Ted had kept talking to her and she'd kept ignoring him while Lily unwisely protested about a test that afternoon. She explained in an exceedingly calm voice that they were leaving immediately and she didn't care if the test was an entrance exam for Harvard, Lily had ten seconds to get her backpack and come with her now.

All in all, Carol Ryan Memorial Elementary had gotten off easy. One useless, rule-bound administrator's desk suffering one stab wound was nothing, nothing when weighed against the rage she felt.

The children sat white-faced and silent in the back of her Volvo SUV. She didn't miss that they were crammed together into the farthest seat, leaving the middle one empty. Wonderful. She'd terrified her own offspring. That only added to her anger.

Not at Simon. Not at Lily. Not even at Ted Bryant or the imbecile who'd invented the concept of zero tolerance. No.

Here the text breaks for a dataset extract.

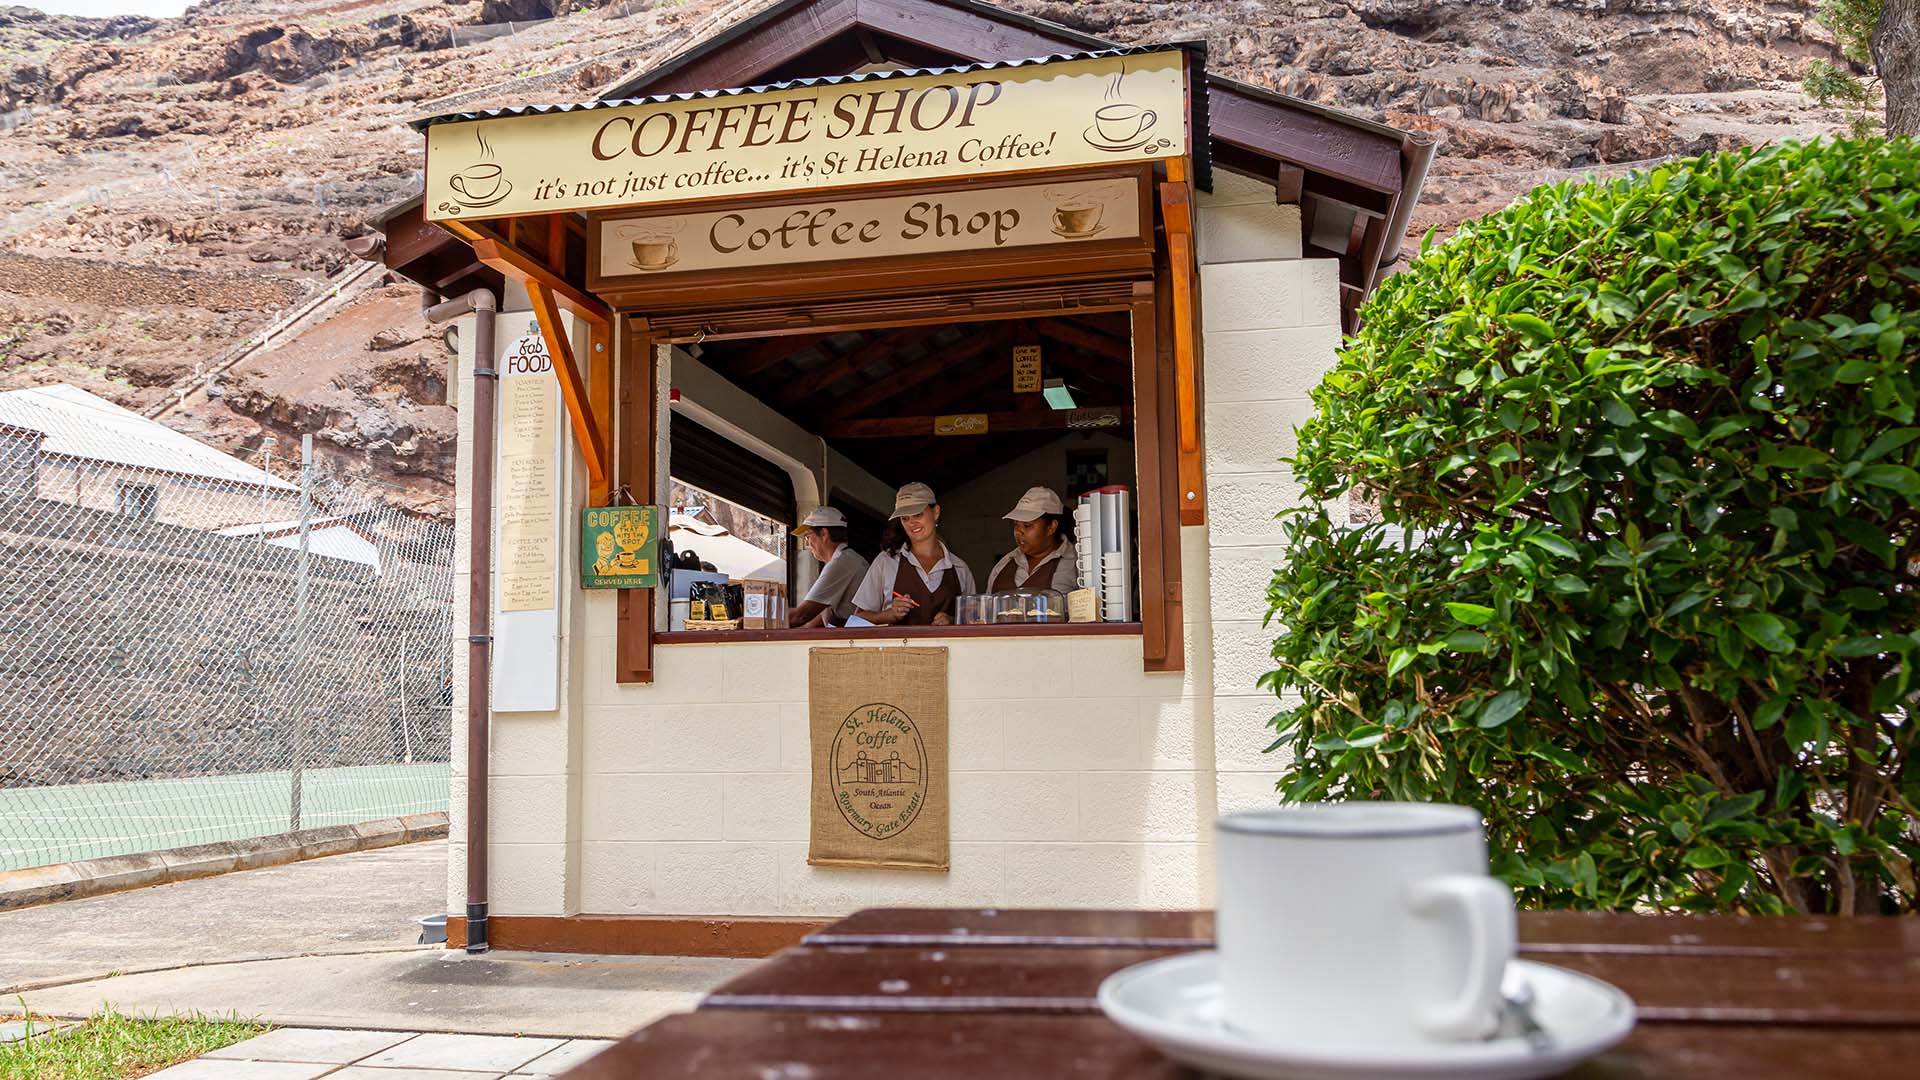 St Helena Coffee Shop

She was rational enough to aim the full force of blame exactly where it belonged. At Erik. Former husband. Father of her criminal brood. Root of all evil.

Erik wasn't in town. She knew that. He was somewhere off Bermuda on Lauren's yacht, celebrating. Sipping Cristal, no doubt, while he snuggled up to the Snake in the Grass and…ew. She did not need to imagine what they were doing together.

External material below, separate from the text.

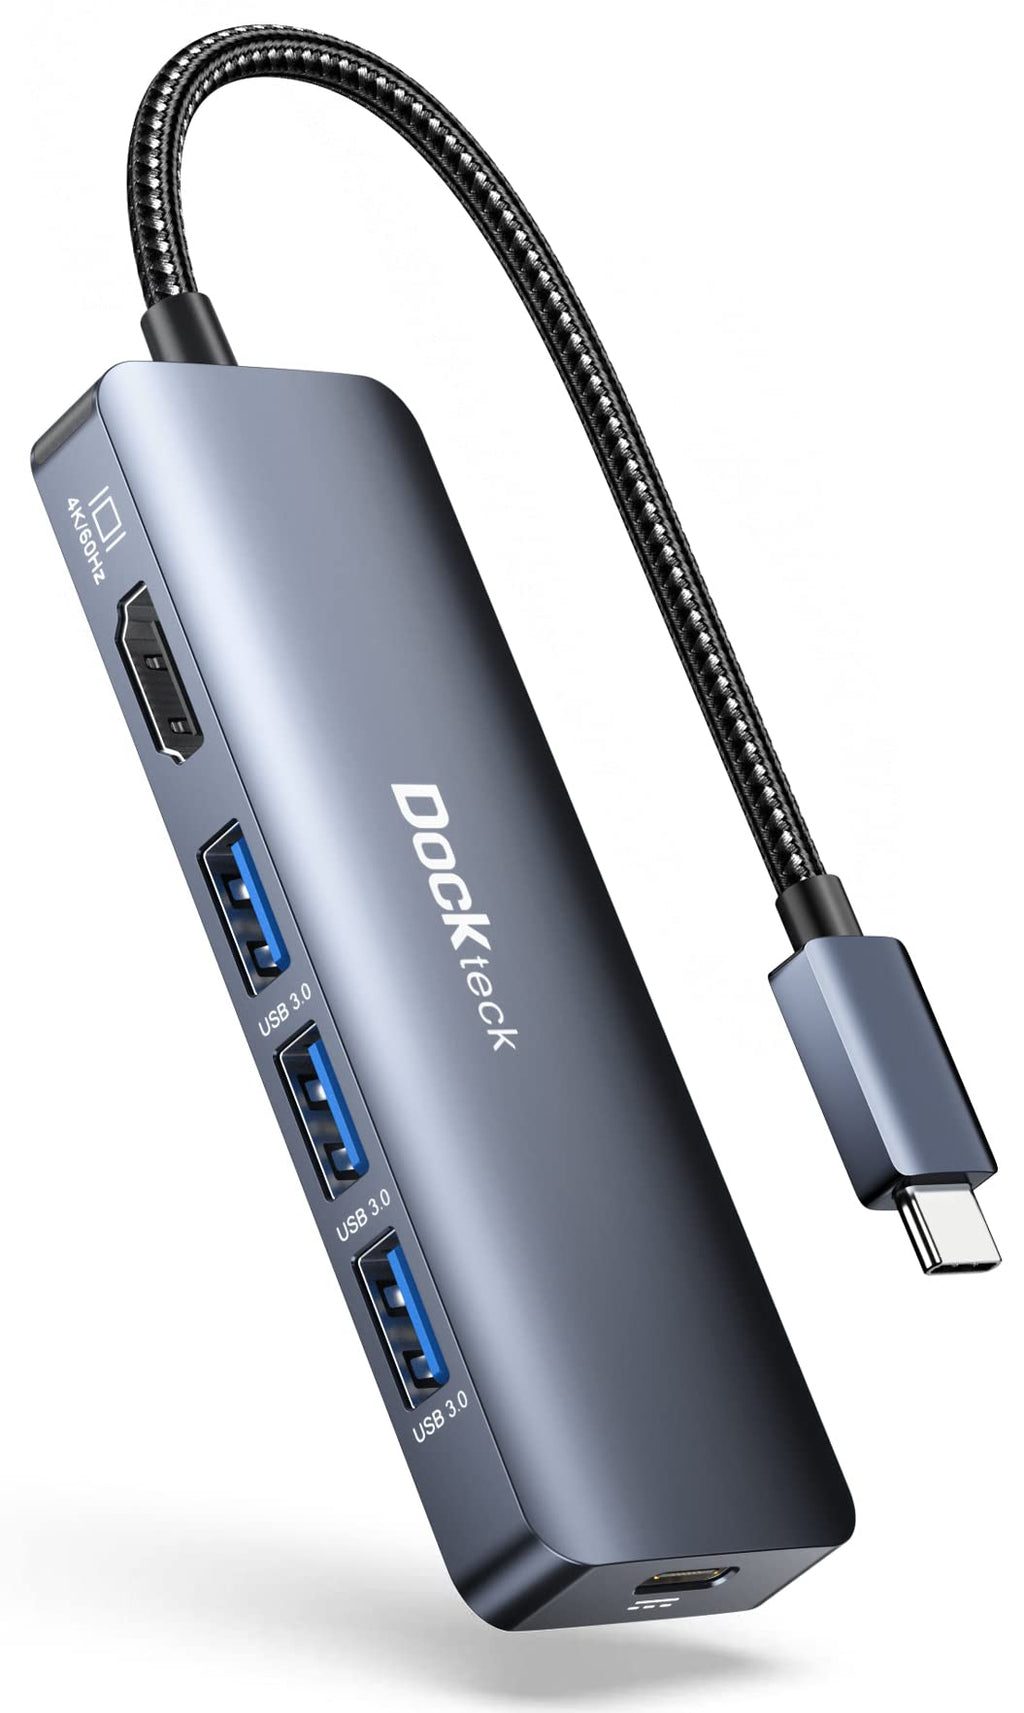  [AUSTRALIA] - USB C HUB HDMI 4K 60Hz, 5 in 1 USB-C Hub Multiport Adapter, Dockteck Macbook Hub Adapter Dongle with 100W PD, 4K USB C to HDMI, 3xUSB 3.0 for Macbook Pro/Air M1, iPad Pro/Air/Mini 6, Surface Pro 7/8/X

Sarah was clear on just one thing at the moment. Erik needed to pay. He needed to pay right now. And since he was out of reach, she turned the car toward the investment firm of Baxter Smiley. Founded by Robert B. Baxter, currently run by his great-great-granddaughter, Lauren Smiley, Baxter Smiley handled the portfolios of high net worth individuals and families looking for a discreet investment firm with an impeccable track record. Luckily the firm's services also included a kind security guard named Donny who would watch her children while she "popped upstairs."

She didn't wait for the elevator. The beat of her shoes chanted Baxter Smiley, Baxter Smiley as she ran up the stairs.

Erik was a senior partner. The firm provided his income, his stature in the community and, she'd recently found out, a revolving pool of junior associates for Erik toew. And, of course, it had provided Lauren. His Boss. Soon, if she read the signs right, to be his new wife.

Yes, Sarah thought, as she reached the fifth floor. If Erik and Lauren were unavailable to answer for their crimes, she would find someone else who could. Baxter Smiley was the diseased root of everything wrong with her life, and she was ready to reap some satisfaction. She deserved a little something special today, anyway. It wasn't every day a girl received her final divorce decree on her tenth wedding anniversary.

Charlie liked his office door closed. Especially these past two weeks. With Erik and Lauren gone, and, goddamn, he still couldn't believe that had played out the way it had, it was like the rest of the firm had gone giddy. Which was saying something, because Baxter Smiley was normally much closer to morgue quiet than giddy. He hated to think who might be following Lauren and Erik's example—messing around with your co-workers was wrong in too many ways for him to count.

So he kept the door closed. The crazy stayed out in the hall and he got his work done. Today it seemed like the crazy was louder than usual, though. If Lauren didn't get her cheating ass back to town soon, she was going to have trouble reining her staff back in.